DHA Inhibits Expression of LPS-Induced TNF-α and RANKL mRNAs in vivo
The expression levels of osteoclast-related cytokines in calvariae were determined by using real-time RT-PCR (Figures 4A,B). RANKL and TNF-α mRNA levels were significantly elevated in the LPS group compared with the PBS group. In contrast, RANKL and TNF-α mRNA expression levels were significantly lower in the LPS and DHA group than those of the LPS group. Furthermore, treatment with GPR120 antagonist AH7614 elevated RANKL and TNF-α mRNA expression levels compared with the LPS and DHA group.
Figure 4. DHA inhibits expression of LPS-induced TNF-α and RANKL via GPR120 in vivo. (A) Expression levels of RANKL mRNA in mouse calvariae in vivo. (B) Expression levels of TNF-α mRNA in mouse calvariae in vivo. TNF-α and RANKL mRNA levels were determined using real-time RT-PCR. Total RNA from mouse calvariae was isolated after 5 days of daily supracalvarial injections of PBS, LPS (100 μg/day), LPS (100 μg/day)+DHA (100 μg/day) with or without AH7614 (100 μg/day) and DHA (100 μg/day). Expression levels of RANKL and TNF-α mRNA were normalized to that of GAPDH. Data are shown as means ± SD (n = 4; **p < 0.01, *p < 0.05). Differences were determined by one-way ANOVA and Tukey-Kramer tests.
DHA Suppresses LPS-Induced TNF-α Expression in Macrophages but Does Not Inhibit RANKL Expression in Osteoblasts
To precisely determine how DHA inhibits osteoclast formation via GPR120, we investigated RANKL mRNA expression levels in osteoblasts in vitro. RANKL mRNA expression levels were upregulated by LPS treatment compared with PBS or DHA alone. However, osteoblasts treated with both LPS and DHA demonstrated similar RANKL mRNA expression levels compared with cells treated with LPS alone. Moreover, RANKL mRNA expression levels were similar between the LPS and DHA with AH7614 co-administered group and the LPS and DHA group (Figure 5A).
Figure 5. DHA suppresses LPS-induced TNF-α mRNA expression in macrophages but does not affect LPS-induced RANKL mRNA expression in osteoblasts. (A) Osteoblasts from cranial bone were incubated with PBS, LPS, LPS+DHA with or without AH7614, or DHA alone. After 24-h culture, total RNA was isolated and RANKL mRNA levels were determined using real-time RT-PCR. (B) Peritoneal macrophages were cultured with PBS, LPS, LPS+DHA with or without AH7614 or DHA alone. After 24-h culture, total RNA was isolated and TNF-α mRNA levels were determined using real-time RT-PCR. RANKL and TNF-α mRNA levels were normalized to that of GAPDH. Data are expressed as means ± SD (n = 4; **p < 0.01, *p < 0.05).
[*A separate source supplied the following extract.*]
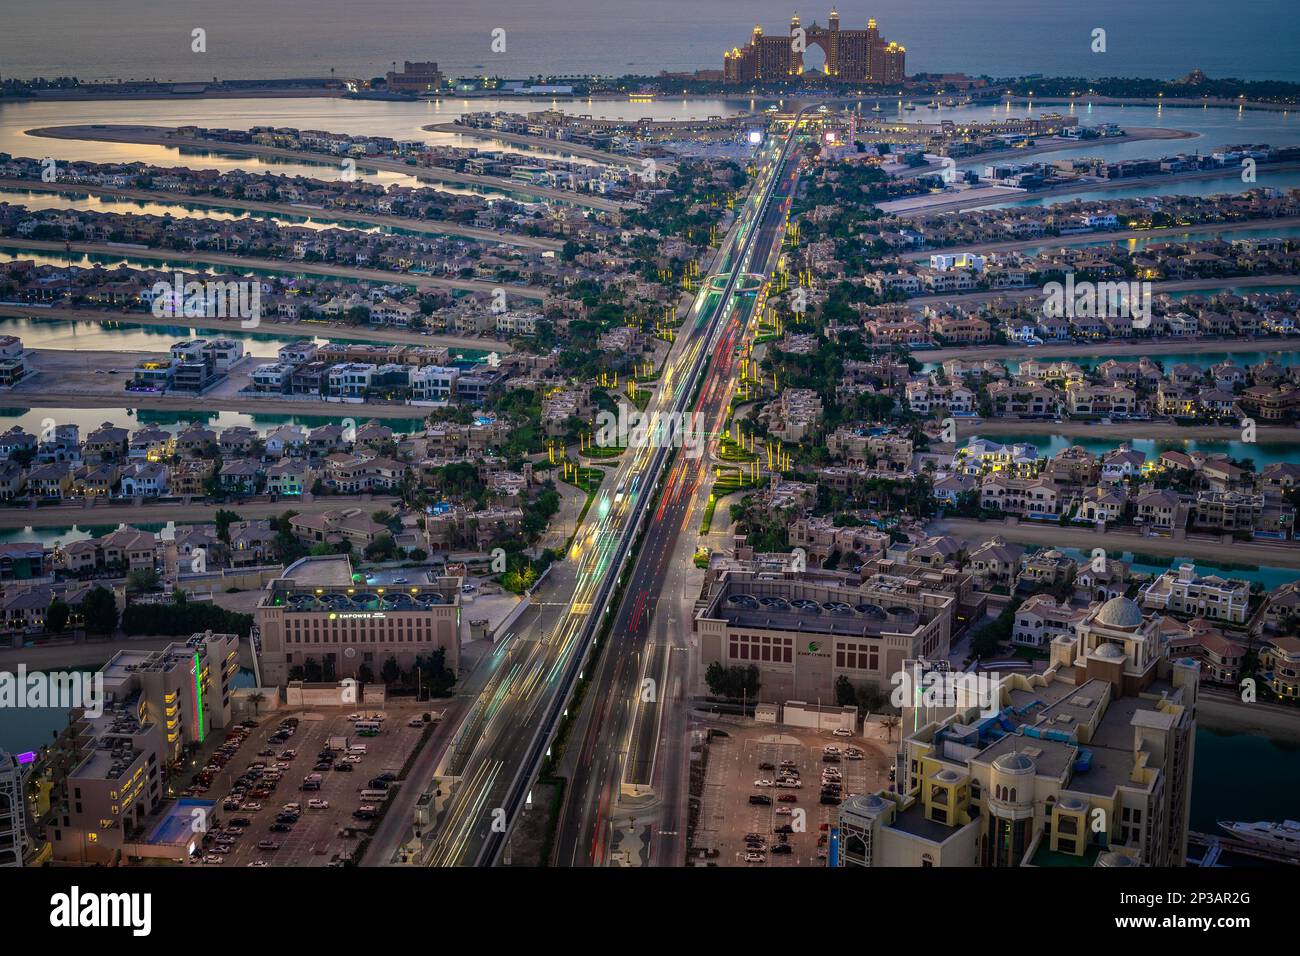 Dubai, UAE -  Dec 05 2021: Aerial view of the Palm Jumeirah in the evening in Dubai, long exposure photo with car light trails Stock Photo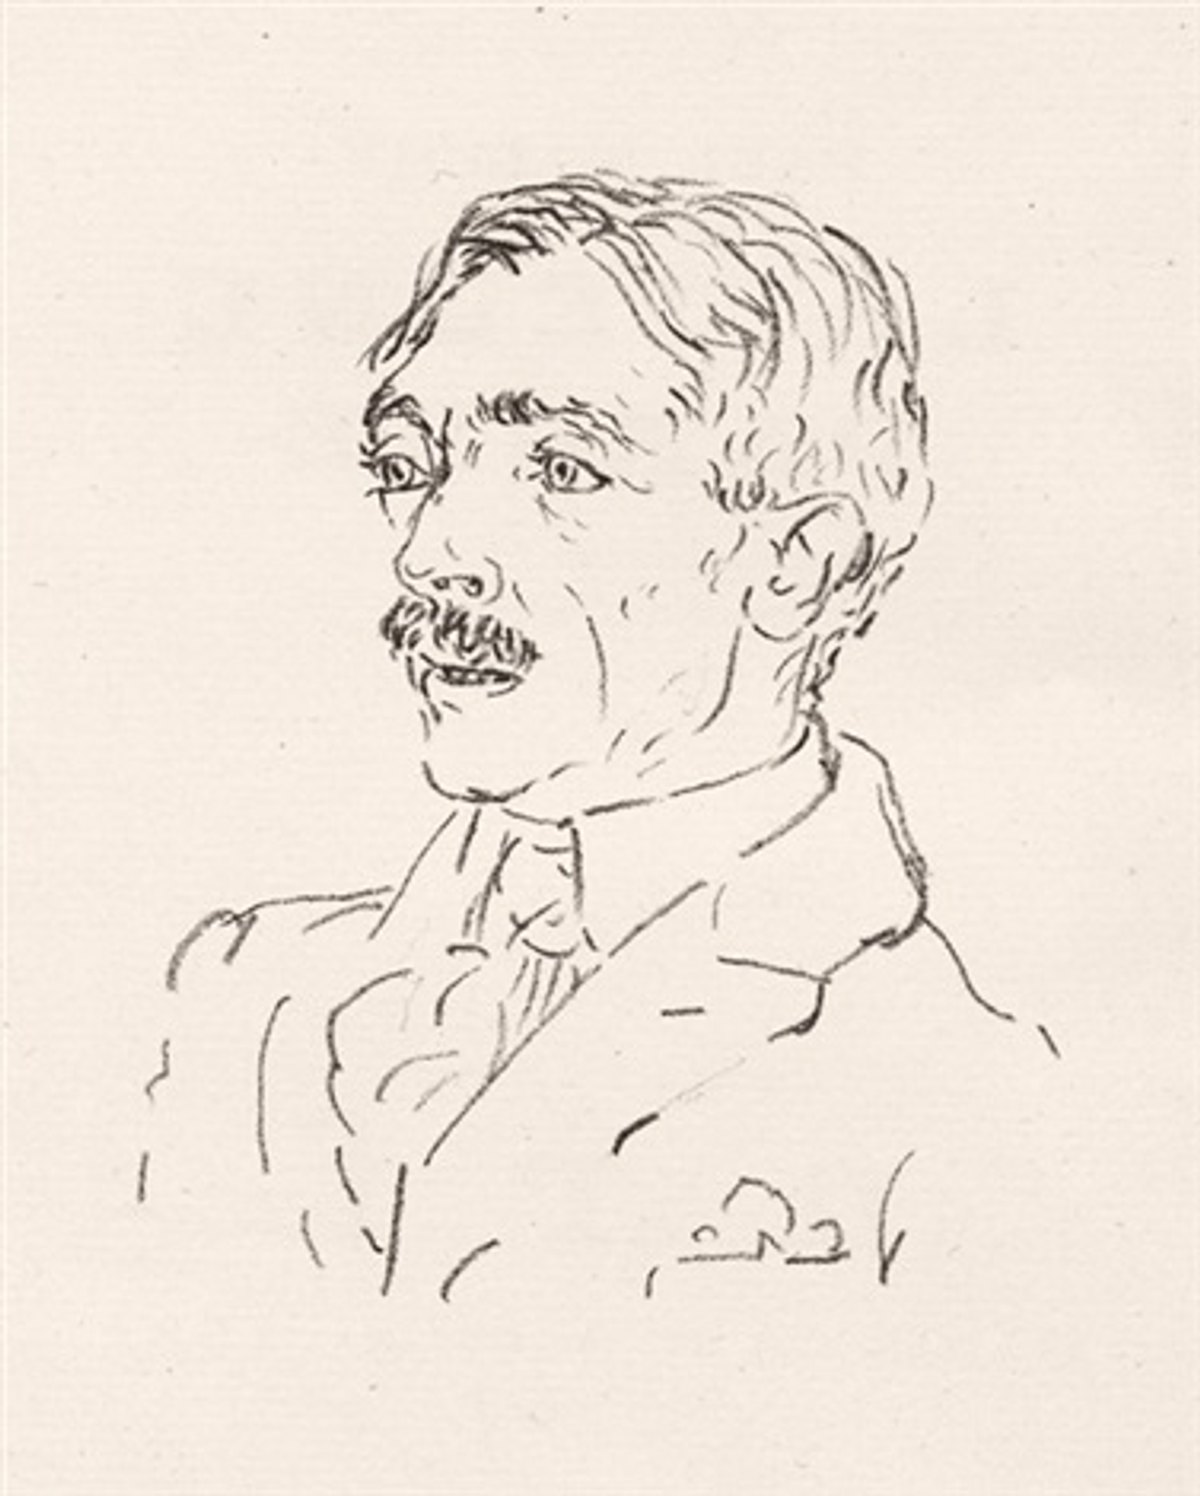 Valéry’s portrait, by Picasso, which appears in the second edition of The Young Fate.

Differences were determined by one-way ANOVA and Turkey-Kramer tests.
We next investigated whether DHA inhibits LPS-induced TNF-α expression in macrophages in vitro. TNF-α mRNA expression levels were upregulated by LPS treatment, while they were decreased by LPS and DHA treatment. Moreover, treatment with GPR120 antagonist AH7614 significantly increased TNF-α mRNA expression levels compared with LPS and DHA (Figure 5B).
DHA Does Not Suppress LPS-Induced Osteoclast Formation, Bone Resorption and Production of Osteoclast-Related Cytokines (TNF-α and RANKL) in Ffar4(dE1/dE1) Mice
To clarify the role of GPR120 in osteoclast formation, we generated and used Ffar4 knockout mice [Ffar4(dE1/dE1)]. Osteoclast precursor cells from Ffar4(dE1/dE1) mice were treated with M-CSF, M-CSF, and RANKL with or without DHA or DHA alone, and then the number of TRAP-positive cells was counted. The number of TRAP-positive cells was increased in the M-CSF and RANKL group. However, there was no significant difference in the number of TRAP-positive cells between the M-CSF and RANKL with DHA group and the RANKL group (Figure 6A). Similar results were observed in osteoclast formation following TNF-α and DHA treatment (Figure 6B).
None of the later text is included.